5.1. Зверек, надо сказать, в это время лежал у меня на коленях, недвижный, будто сфинкс, и равнодушным взглядом дарил нас обоих. К тому времени кошечка уже так освоила, уверенно разметила мое жилище, что я мог тут существовать исключительно кошачьим жестом. Друг-мыслитель, напротив, был бесцеремонен, словно вовсе не замечая здесь тонко намеченных путей, извилистых троп и таинственных проплешин. Я был не раз готов ему крикнуть: «Не нарушай!». Притом что сам же он говорил о хрупкости моего домашнего пространства. Однако друг мой был чуток в мысли и груб в чувстве. Вот ведь неизящное существо, с какой-то мужицкой прочностью своей крепко слаженной мысли. Полная противоположность моему зверьку. Казалось, тот должен бы его ненавидеть. Но нет, всегда будто радовался его приходу, терся об ноги, даже иногда взбирался на колени. Притом что сам друг-мыслитель к моей кошечке оставался, как я сказал, вовсе равнодушен. Ну, ясное дело – женщина, чем ее меньше, тем она больше.

Скорей, это я был задет его равнодушьем к моему зверьку. Но этот мужлан и вообще был чужд любой красоте, еще не считать кристаллической прелести его собственной мысли. Он всякий раз уходил от меня, оставив нарушенное пространство, хаос грубо разорванных нитей. Кошечка ему и это прощала. Жестом, движеньем, изгибом, прыжком она тотчас воссоздавала нарушенные связи, вернейше сопрягала ближнее с дальним, видимое с незримым. Судя по всему, устроенный мыслителем кавардак она вовсе не полагала роковым. От моих же наивных попыток ей помочь в ее созидании, – тоже изгибом, движеньем, – она лишь досадливо отмахивалась. Не лезь, мол, коль не умеешь.

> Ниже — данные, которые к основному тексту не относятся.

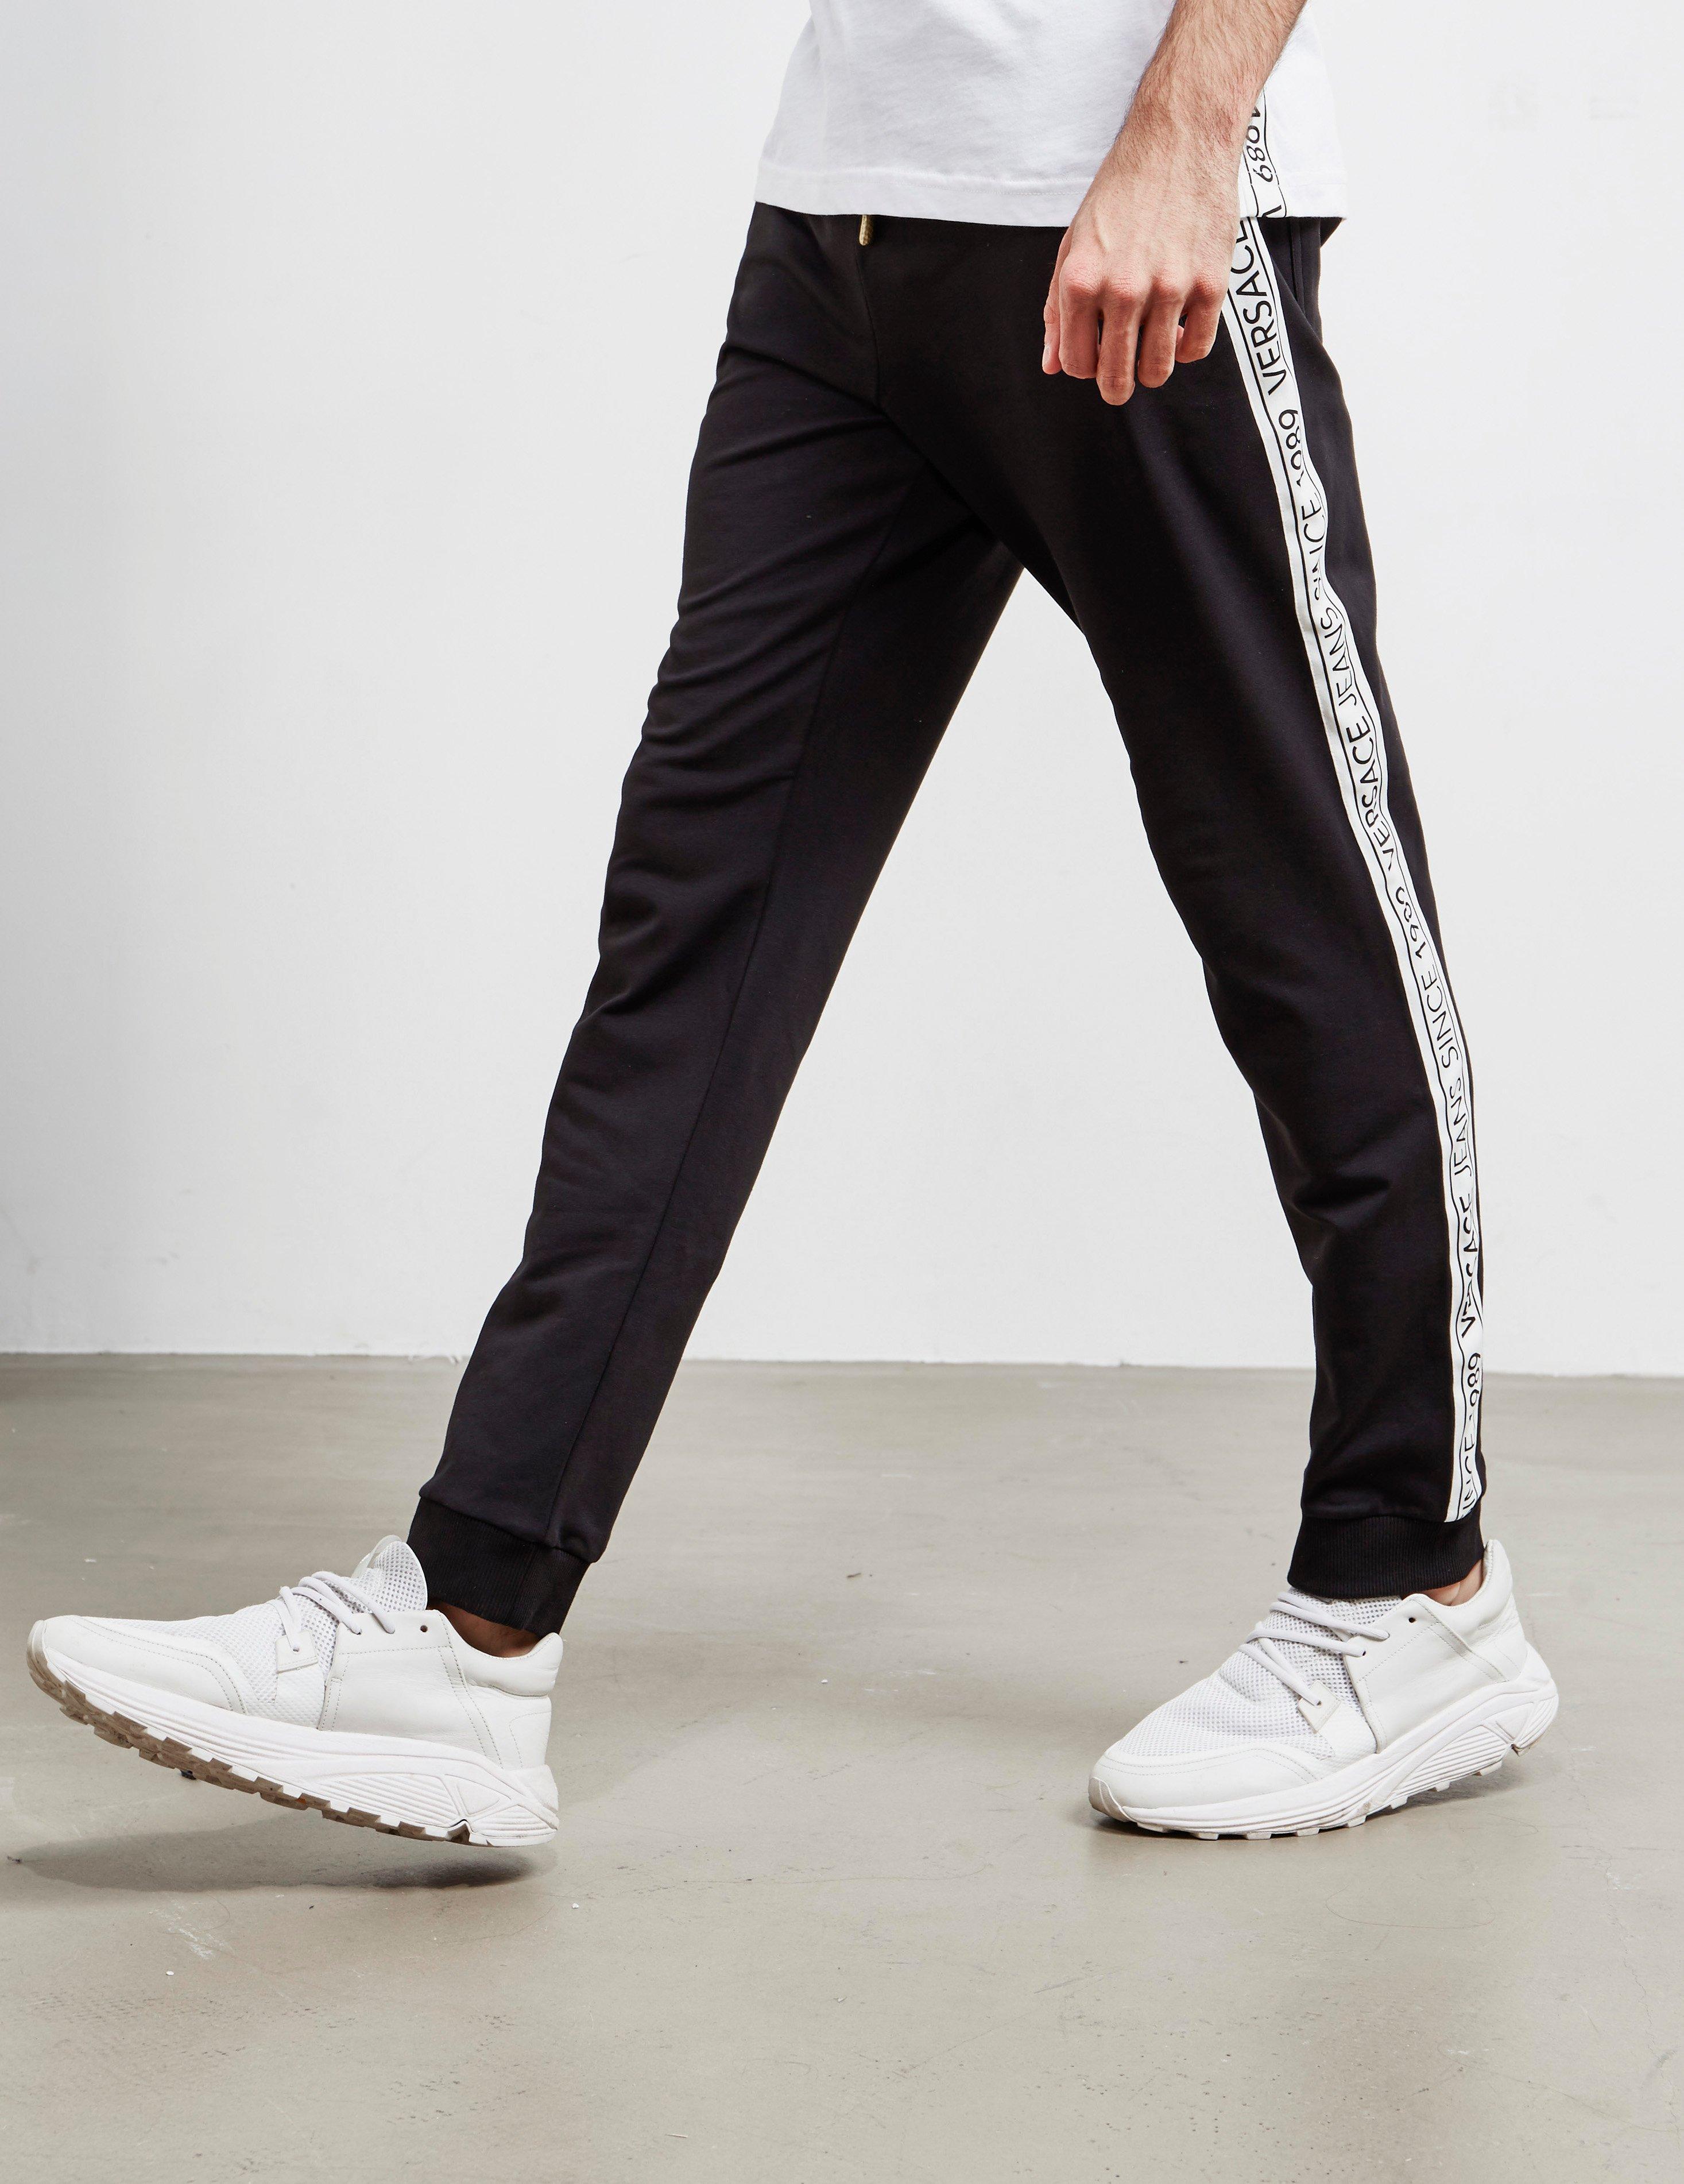 Versace Jeans Tape Cuffed Track Pants Black in Black - Lyst

Впрочем, тот факт, что я пошел к ней в ученики, кошечка наверняка заметила. В отношении меня у нее появилась довольно деликатная, но все-таки покровительственность, – то есть нечто для меня унизительное. Я признаюсь, ей мстил, – мелочно, что тем более стыдно. К примеру, будто по забывчивости, на сутки оставлял без еды и питья. Она-то, конечно, понимала, что я так поступаю не из жадности, а свожу счеты. Ей возмутиться б, как было прежде. Но теперь она проявляла блистательное равнодушие к мирскому, полную от него свободу, – устраивала для меня назидательные мистические концерты, свое изящество демонстрируя во всем его блеске. Противоречивость кошек меня всегда озадачивала: с одной стороны – вязь таинственных движений, провидческая полудрема; с другой – пристрастье к низменно бытовому. Если смотреть на кошку взглядом приземленным, то, может показаться, что стремленье к пище – главный, если не единственный стимул ее существования. Даже я иногда начинал сомневаться, не выдумал ли я связь моей кошки с тонкими мирами, приписав мою собственную грезу. Не попал ли я в когтистые лапы опытной мошенницы?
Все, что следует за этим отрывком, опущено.